What is needed – The line with "Dibujo de figurín" and each line following it, up to the final line of the data, should be set down exactly; pictures stay out.

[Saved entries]
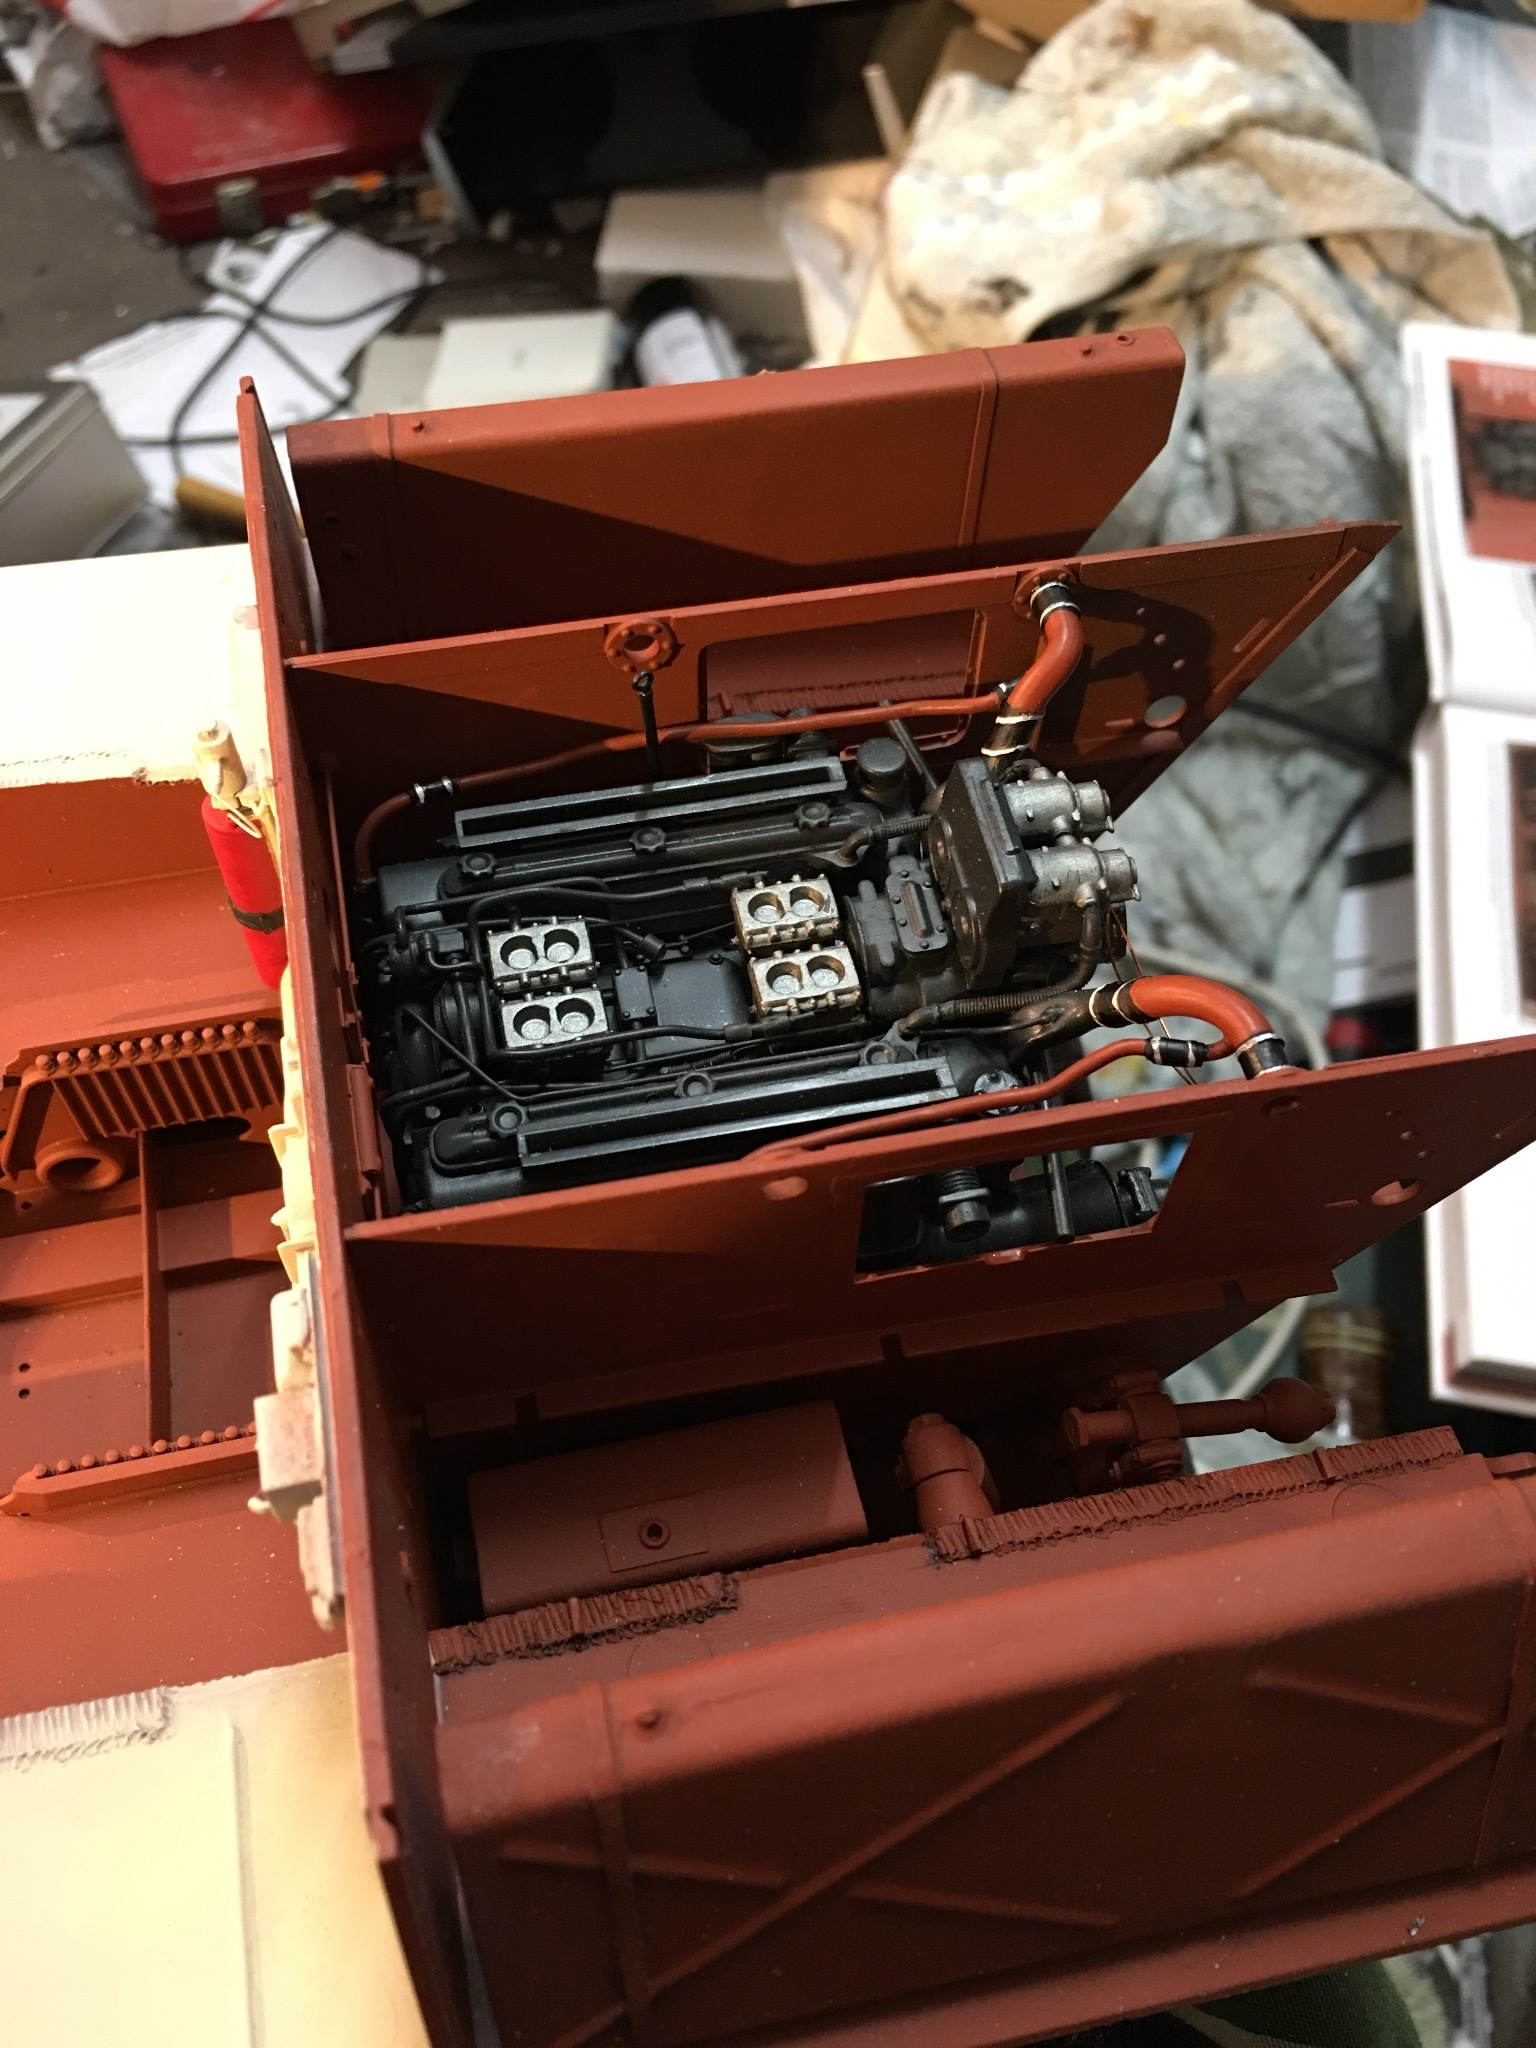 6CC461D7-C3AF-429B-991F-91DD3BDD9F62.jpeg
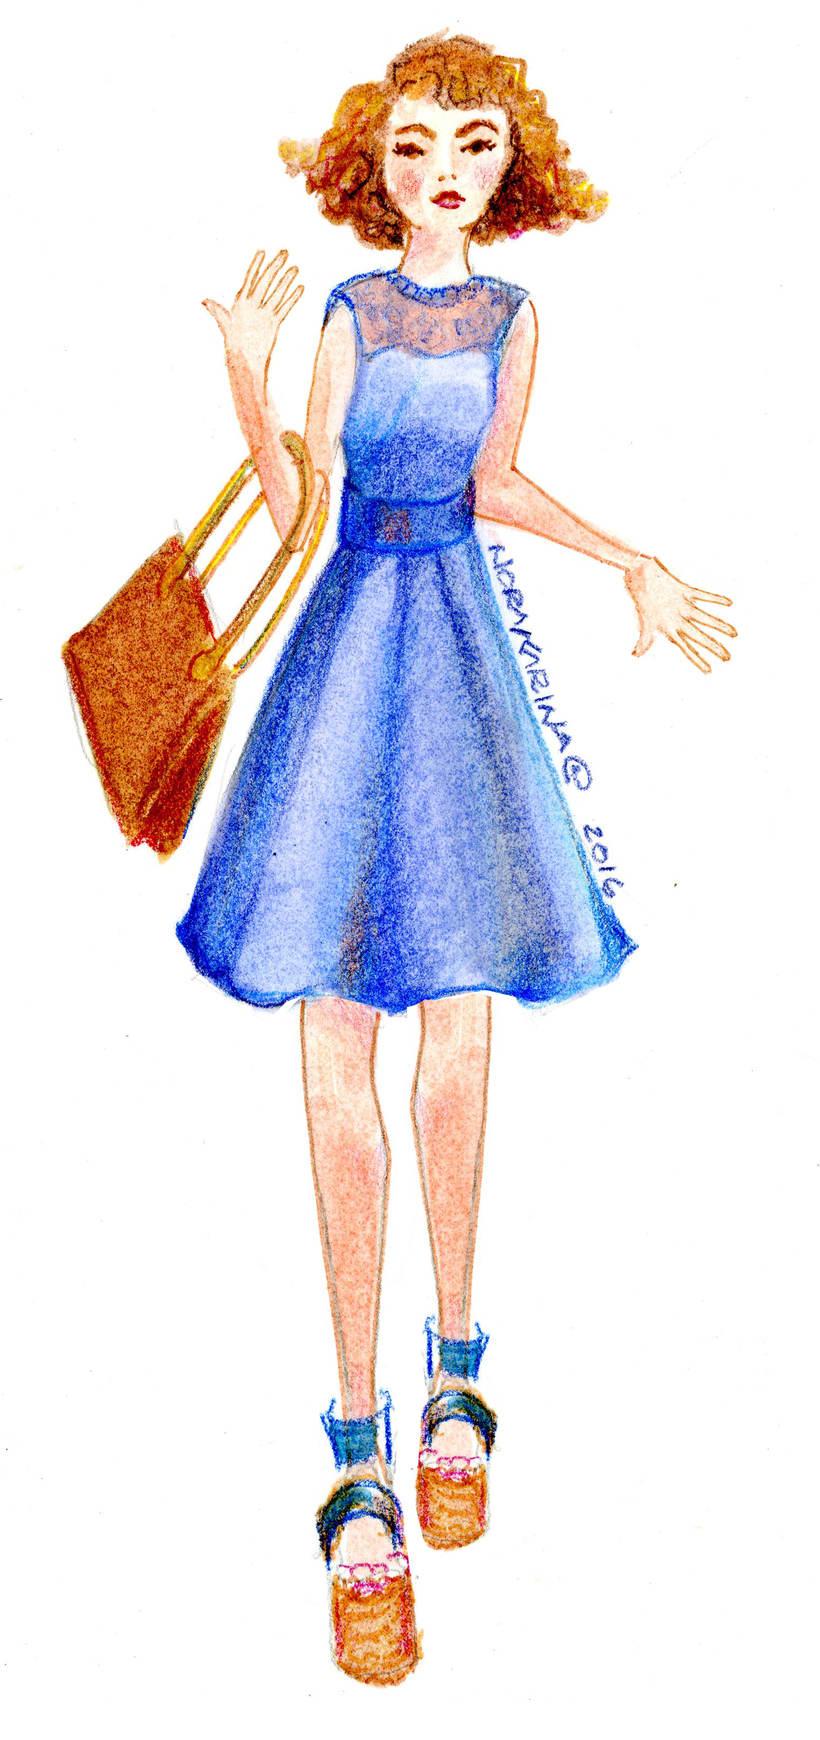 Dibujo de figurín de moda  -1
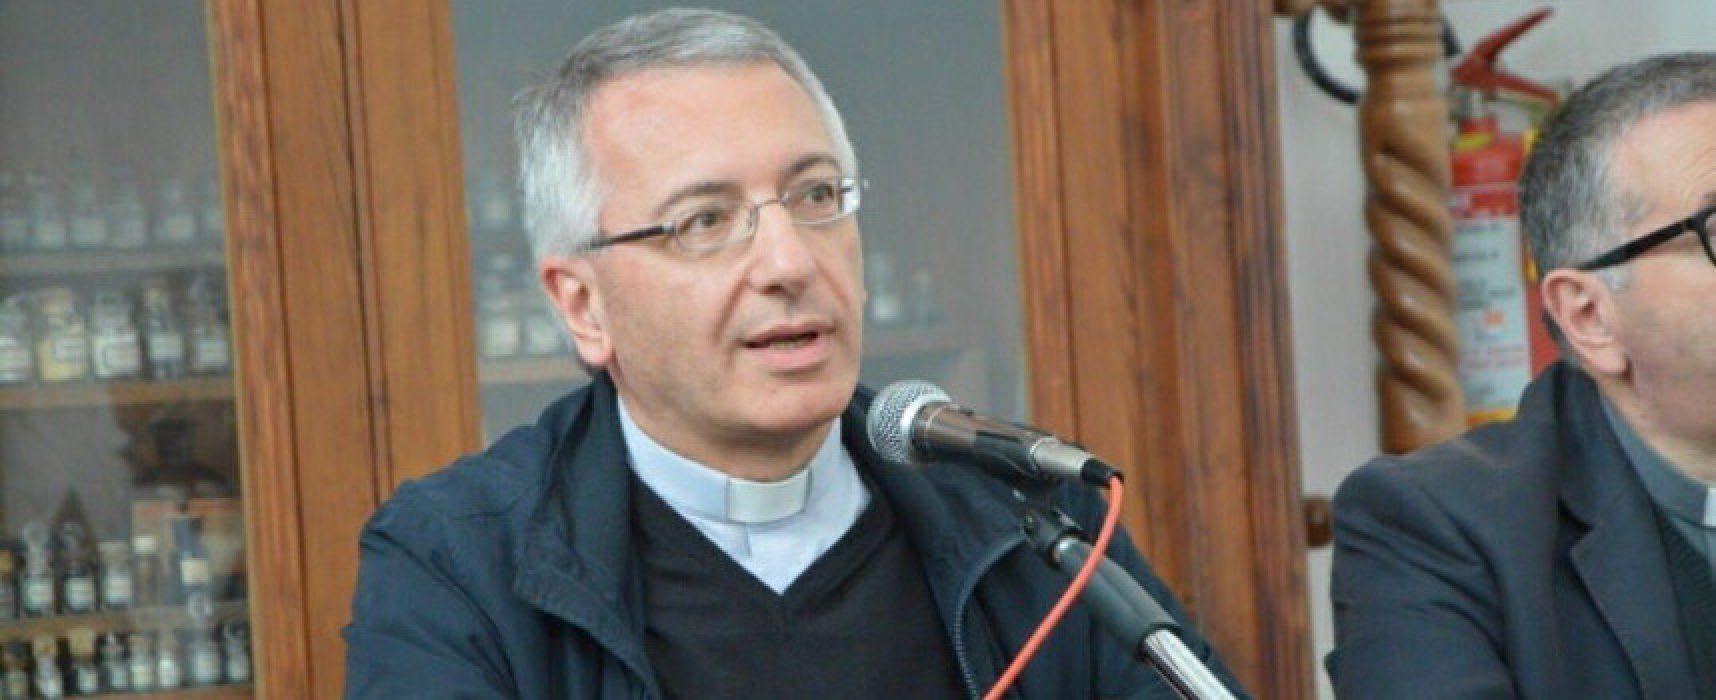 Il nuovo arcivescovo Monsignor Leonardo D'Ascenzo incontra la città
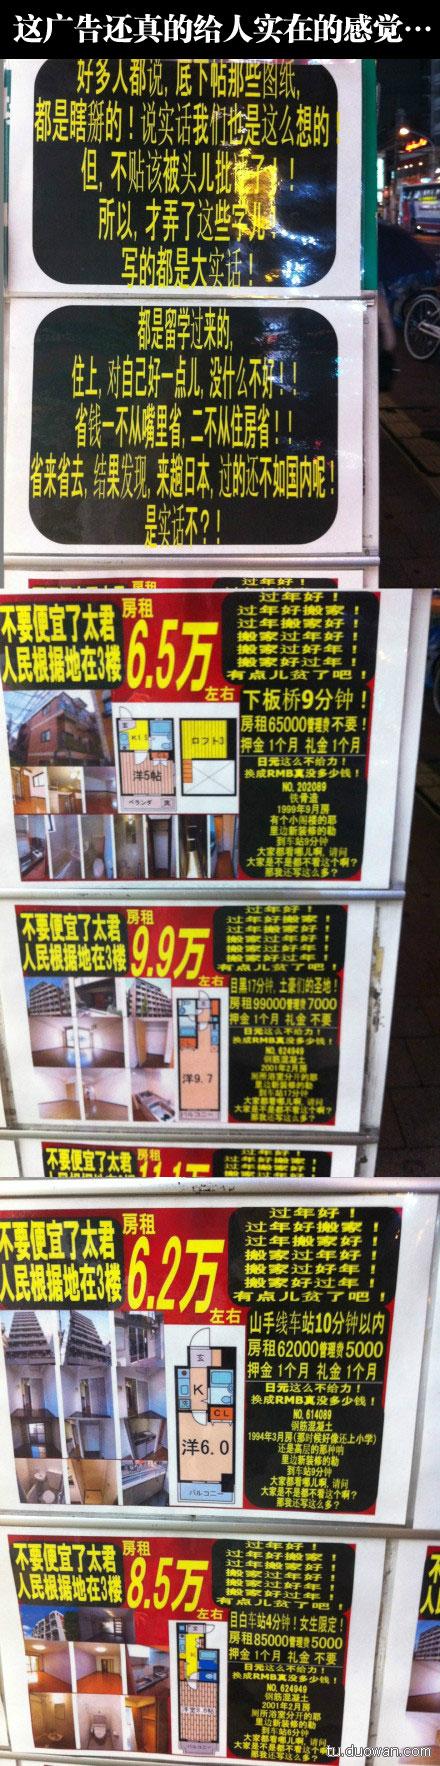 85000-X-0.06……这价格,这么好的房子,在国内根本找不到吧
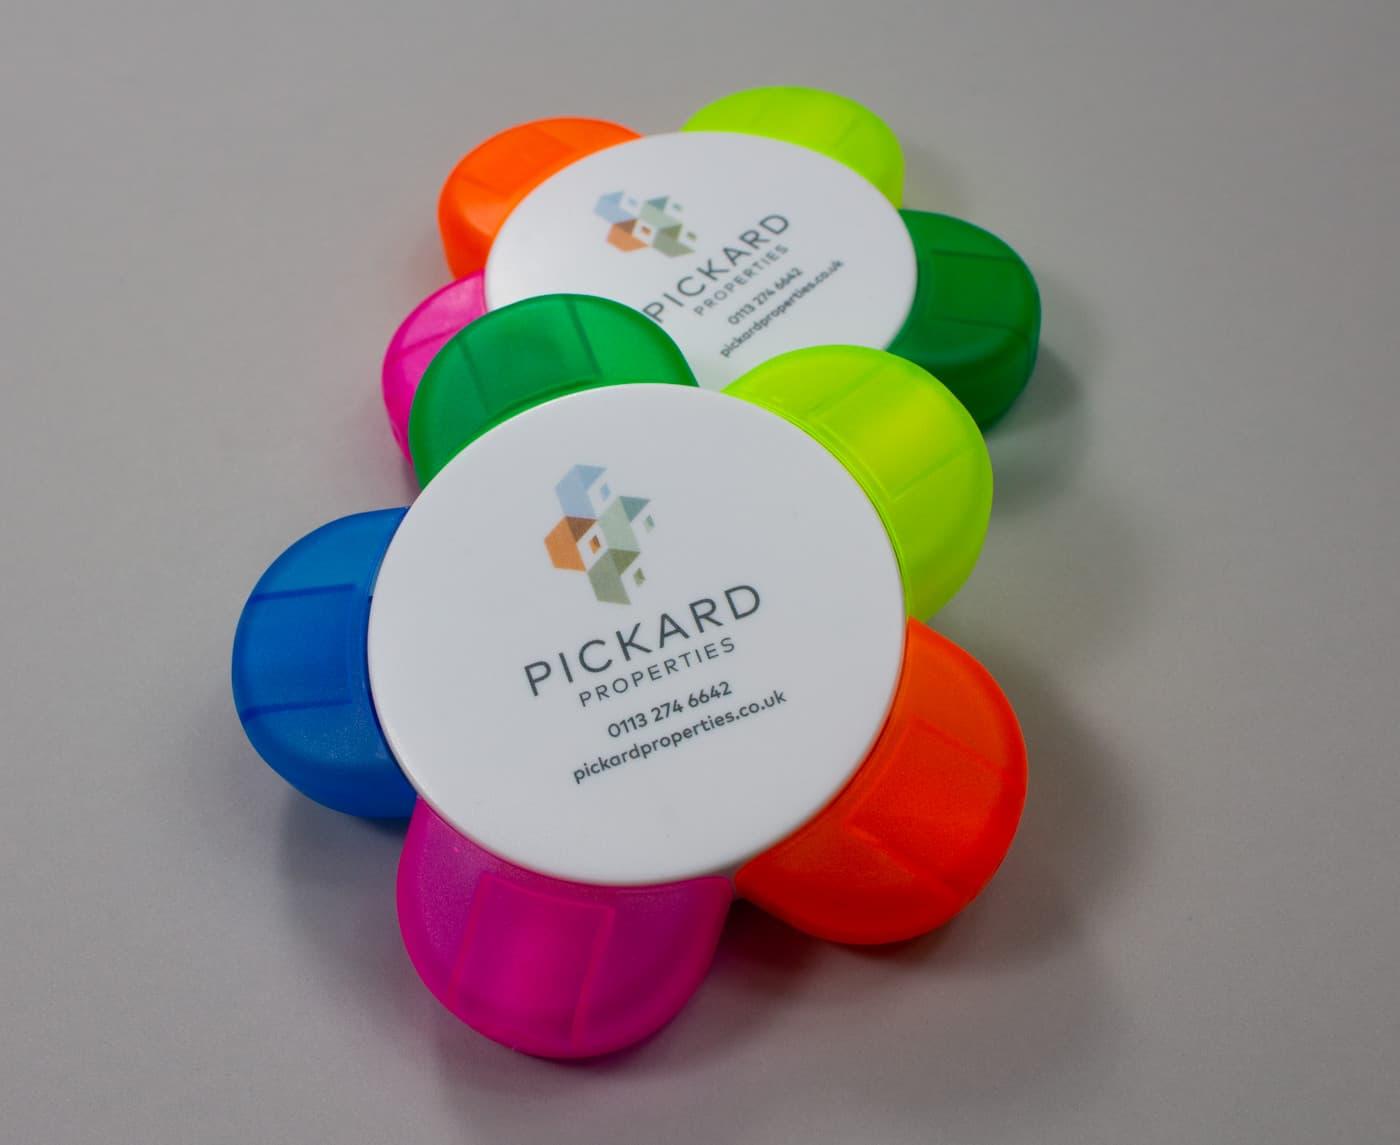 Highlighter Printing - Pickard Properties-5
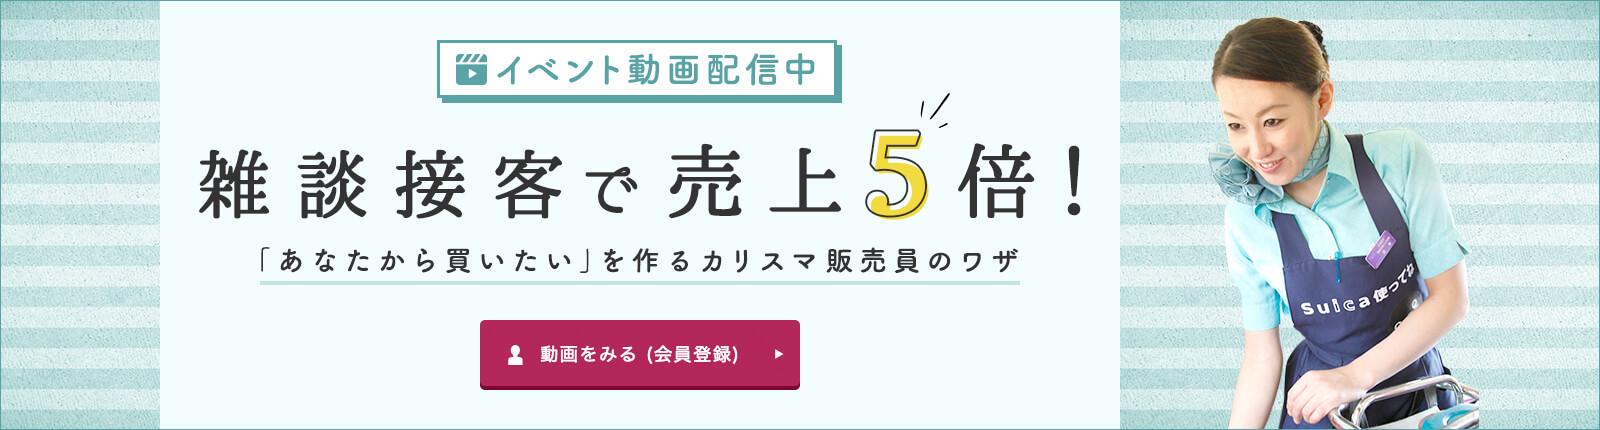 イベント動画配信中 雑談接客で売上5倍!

Output for this exercise –
 Dibujo de figurín de moda  -1
 Il nuovo arcivescovo Monsignor Leonardo D'Ascenzo incontra la città
 85000-X-0.06……这价格,这么好的房子,在国内根本找不到吧
 Highlighter Printing - Pickard Properties-5
 イベント動画配信中 雑談接客で売上5倍!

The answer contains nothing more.